International information
- National side: India;
- Only Test (cap 76): 19 November 1955 v New Zealand

Career statistics
| Competition | Tests | First-class |
| Matches | 1 | 19 |
| Runs scored | – | 201 |
| Batting average | – | 14.35 |
| 100s/50s | – | 0/1 |
| Top score | – | 53 |
| Balls bowled | 108 | 2936 |
| Wickets | 0 | 68 |
| Bowling average | – | 22.16 |
| 5 wickets in innings | – | 4 |
| 10 wickets in match | – | 0 |
| Best bowling | – | 6/29 |
| Catches/stumpings | 0/– | 8/– |
- Source:

= Narain Swamy =

Indian cricketer

Venkatraman Narayan Swamy (23 May 1924 in near Kozhikode, Kerala – 1 May 1983 in Dehra Dun, India) was an Indian Test cricketer.

Swamy made his Test debut against New Zealand in 1955/56 and played in the first match of the series. He opened the bowling with Dattu Phadkar, took no wickets, did not bat, and was dropped.

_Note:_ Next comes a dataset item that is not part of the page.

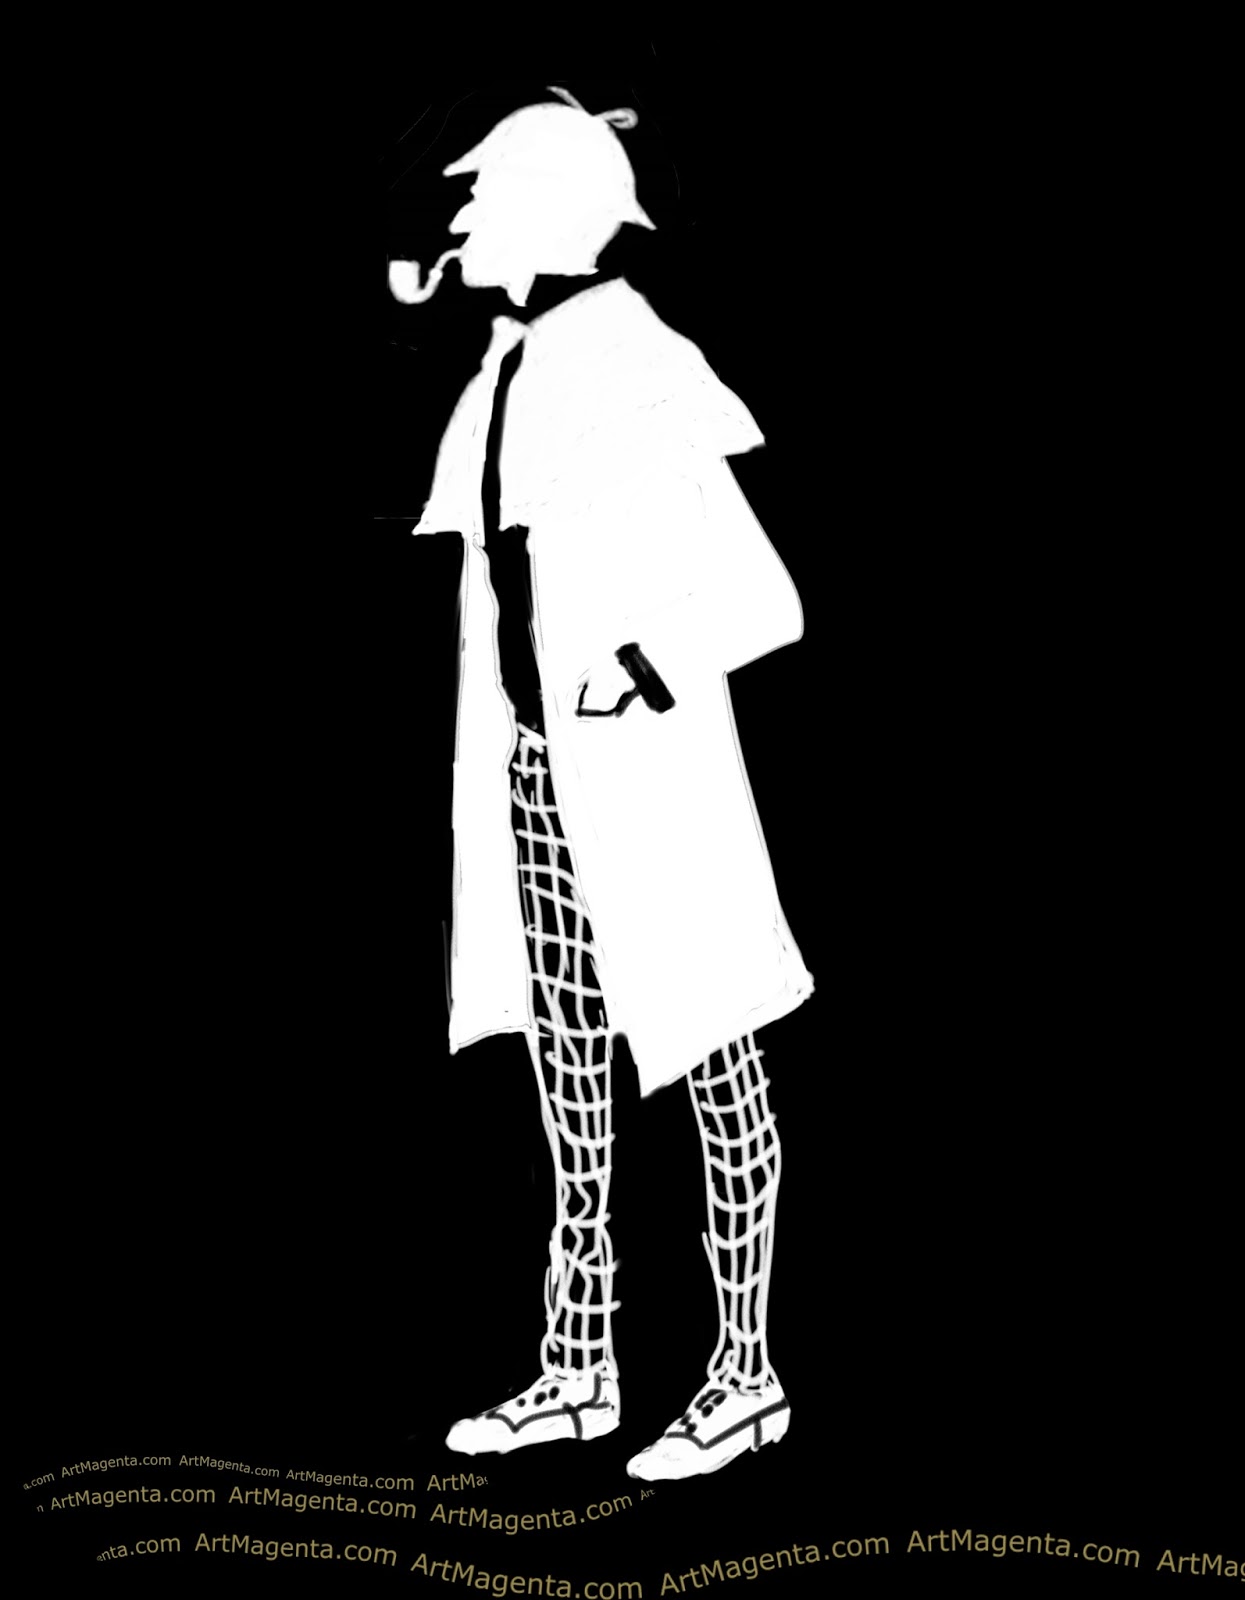 Sherlock Holmes caricature cartoon. Portrait drawing by caricaturist Artmagenta

India tried out different opening bowling pairs in every match of that series.

Swamy started his first-class career with five wickets in an innings in each of his first two matches. He played for Services in the Ranji Trophy from 1951/52 to 1958/59 and took 58 wickets at an average of 19.98.

Swamy did his studies in Madras. He joined the army in 1944 and retired as a major. After his retirement he was on the staff of the Regiment of Artillery association in the Nasik road camp. He was first Kerala-born cricketer to play Tests.